La falta de información obliga a nuestra imaginación a llenar los huecos; y lo desconocido, no delimitado, no abarcable a la vista ni a la inteligencia, tiende a generar inquietud y temor, pues nos impide saber a qué atenernos. Sin embargo, el efecto estético que procura El Señor de los anillos no es exactamente el mismo que pretende una obra de terror.
Sabemos, por sus cartas y escritos no publicados, que Tolkien imaginó una Tierra Media inmensamente más vasta y rica de la explicitada en los libros publicados. En El camino a la Tierra Media (1982), T. A. Shippey muestra con agudeza que la existencia de todo ese material es una de las claves del «efecto de profundidad» que produce El Señor de los Anillos: hay mucha geografía e historia latente a la que alude la información patente y claramente expresada en la obra. Que la superficie manifieste tímidamente lo profundo crea «perspectiva» y esa es la grandeza del género novelesco –y lo moderno de la épica de Tolkien–. Intuimos esta hondura, por ejemplo, cuando Gandalf, en su enfrentamiento mortal contra el balrog, proclama solemnemente: «Soy un servidor del Fuego Secreto, que es dueño de la llama de Anor. No puedes pasar. El fuego oscuro no te servirá de nada, llama de Udûn. ¡Vuelve a la Sombra!». ¿Fuego Secreto? ¿Anor? ¿fuego oscuro? ¿Udûn? Nada de eso se explica en el libro. Y, sin embargo, esas palabras nos ofrecen alguna pista sobre el sentido global de la obra y sobre el papel del mago gris en este drama.
Este ejemplo nos permite retomar la polémica sobre la completitud o incompletitud de los mundos posibles poéticos. Al cotejar los puntos de vista de Dolezel y Eco, parece claro que debemos distinguir entre la economía de la información que da el texto poético y el objeto estético que evoca en el lector, que siempre es completo como totalidad de sentido, aunque no sea exhaustivo en sus detalles. Esta distinción nos permite además juzgar el valor estético de la economía del texto, en función de si permite o no al lector configurar un objeto estético consistente como totalidad de sentido y de qué grados de profundidad ofrezca ese mundo poético.

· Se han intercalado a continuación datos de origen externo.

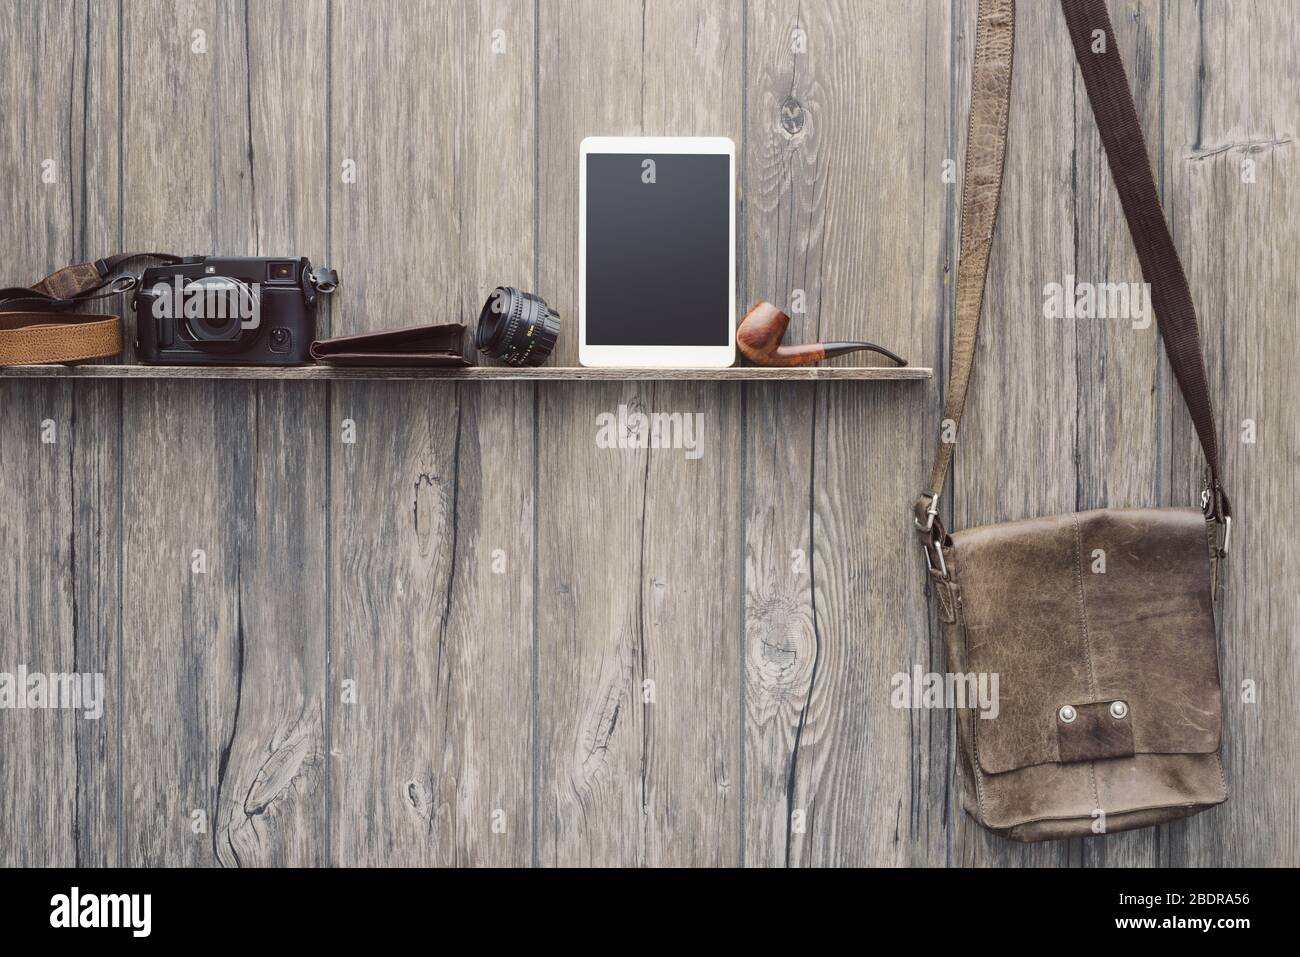 Shelf with a camera, tablet, a pipe and a leather bag hanging on the wall, hipster style Stock Photo

A nuestro juicio, el efecto estético que procura El Señor de los anillos, además de los señalados por Shippey –profundidad histórica y dramática– es el del sentido del «misterio», categoría filosófica de la que ya hemos hablado en otras ocasiones, y en cuya pedagogía Tolkien es un maestro (El misterio de la filosofía y la filosofía del misterio; Educar es enseñar a convivir con el misterio). Parte de ese sentido del misterio supo salvarlo el decoro cinematográfico de Peter Jackson en su versión de El Señor de los anillos, aunque le resultara inevitable mostrarnos las orejas de los elfos. Veremos en The Rings of Power la responsabilidad que demuestran sus creadores con lo profundo, perfectamente salvable en las buenas producciones audiovisuales.
Quizá, sobre este tema, tendré ocasión de hablar en el V Congreso Internacional Imagen y Reconocimiento, «La imago mundi de J.R.R. Tolkien: poética, mito y realidad» (SIMUFV 2023), organizado por el Grupo Estable de Investigación Imaginación y Mundos Posibles, inscrito en la Facultad de Comunicación de la Universidad Francisco de Vitoria.